EEG microstate-based static and dynamic brain functional network differences in autism spectrum disorder children and tDCS interventional modulation.

Researchers used brain scans to study how autistic children's brains connect and communicate differently from other children. They found clear differences in brain activity patterns that could identify autism with high accuracy. The study also tested a brain stimulation treatment called tDCS, which showed promising results in improving brain connectivity patterns in autistic children.

This study examined brain network differences between autistic children and typically developing children using EEG microstate analysis, which measures brief patterns of brain activity during rest. Researchers found significant differences in both static (stable) and dynamic (changing) brain connectivity patterns. Autistic children showed reduced connectivity in microstate A and increased connectivity in microstate D compared to controls, with overall reduced dynamic connectivity across all microstates. These features achieved 96.33% accuracy in distinguishing autistic from typically developing children using machine learning.

The study also investigated transcranial direct current stimulation (tDCS) intervention, finding it produced positive changes in brain connectivity patterns in autistic children.

EEG microstate analysis may provide objective biomarkers for autism diagnosis and monitoring treatment response. tDCS shows promise as a non-invasive intervention but requires further validation with larger samples and behavioral assessments before clinical implementation.

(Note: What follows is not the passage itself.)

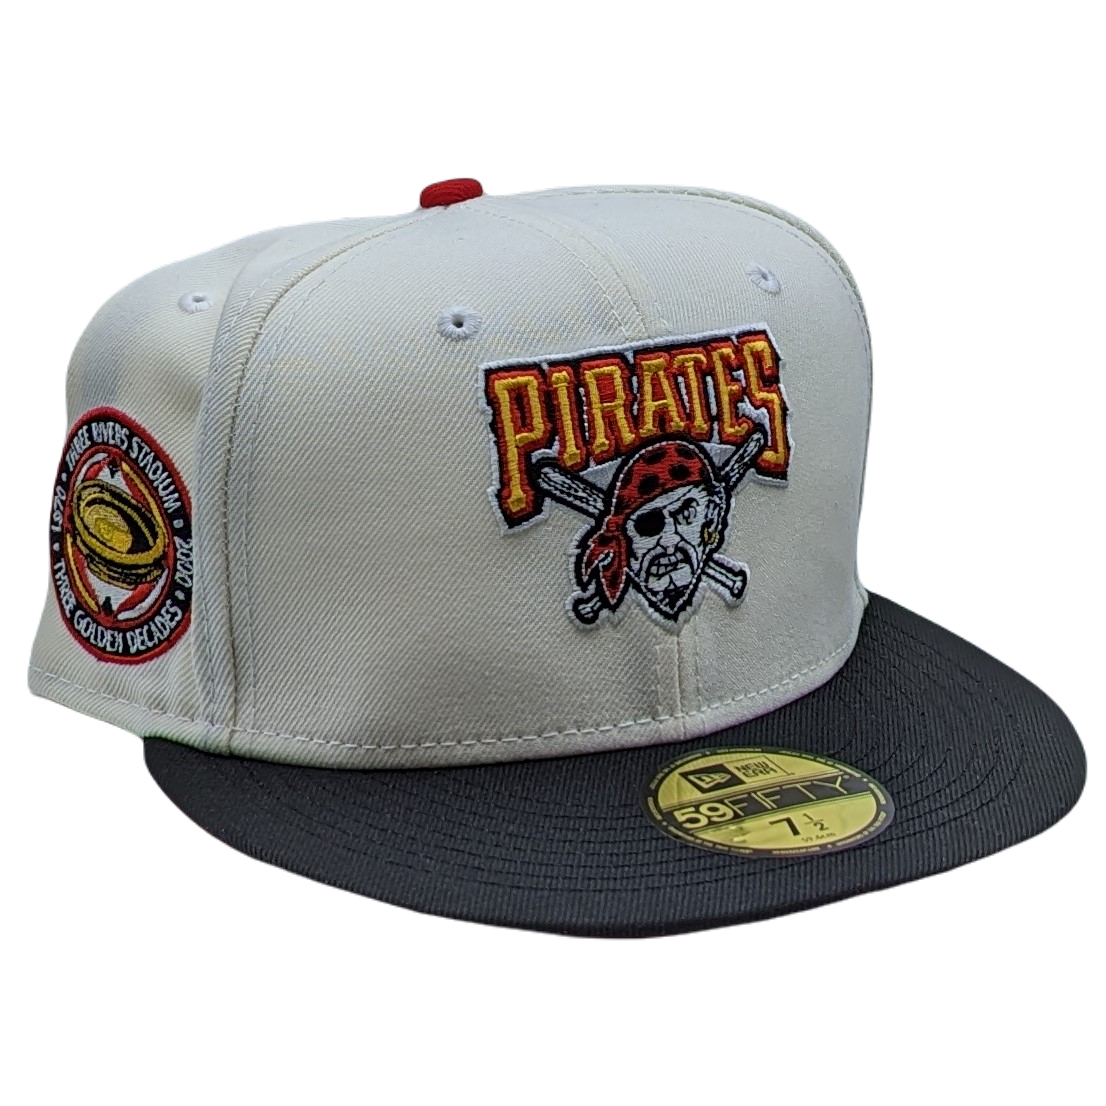 New Era Pittsburgh Pirates T-shirts in Pittsburgh Pirates Team Shop

Sample size not reported, limiting assessment of study power. Intervention effects described as 'trends' and 'tendencies' suggest modest changes. Unknown study design and control conditions for tDCS intervention. Lack of behavioral outcome measures to correlate with brain changes.

Autism has garnered significant attention due to its abnormal brain network function. EEG microstates are brief, stable patterns of brain activity during rest, lasting 80-120 milliseconds before rapidly transitioning to new configurations. A static brain functional network was constructed based on microstates, and the static brain functional network was further quantified using fuzzy entropy to build a dynamic brain functional network. The techniques thoroughly assessed how children with autism spectrum disorder (ASD) and typically developing (TD) brain networks differed from two angles: microstate static functional connectivity and dynamic temporal variability.

These features were used in a support vector machine classification model to distinguish ASD children. Additionally, the impact of transcranial direct current stimulation (tDCS) on the brain functional network of ASD children was also assessed using this approach. The static functional connectivity of microstate A in ASD children was significantly lower than that of TD children, while the static functional connectivity of microstate D was significantly higher in the ASD group. The dynamic functional connectivity of microstates A, B, C, and D in the ASD group was significantly reduced across the whole brain.

The support vector machine (SVM) classification accuracy based on these features was 96.33 %. Furthermore, after tDCS intervention, ASD children showed a trend of increased static functional connectivity in microstates A and C, as well as a tendency for increased dynamic functional connectivity in microstates A, B, and D. A notable disparity was observed between children diagnosed with ASD and TD regarding their static and dynamic brain networks. The excellent classification results were achieved.

Furthermore, it was discovered that the tDCS intervention altered the children with ASD's static and dynamic brain networks.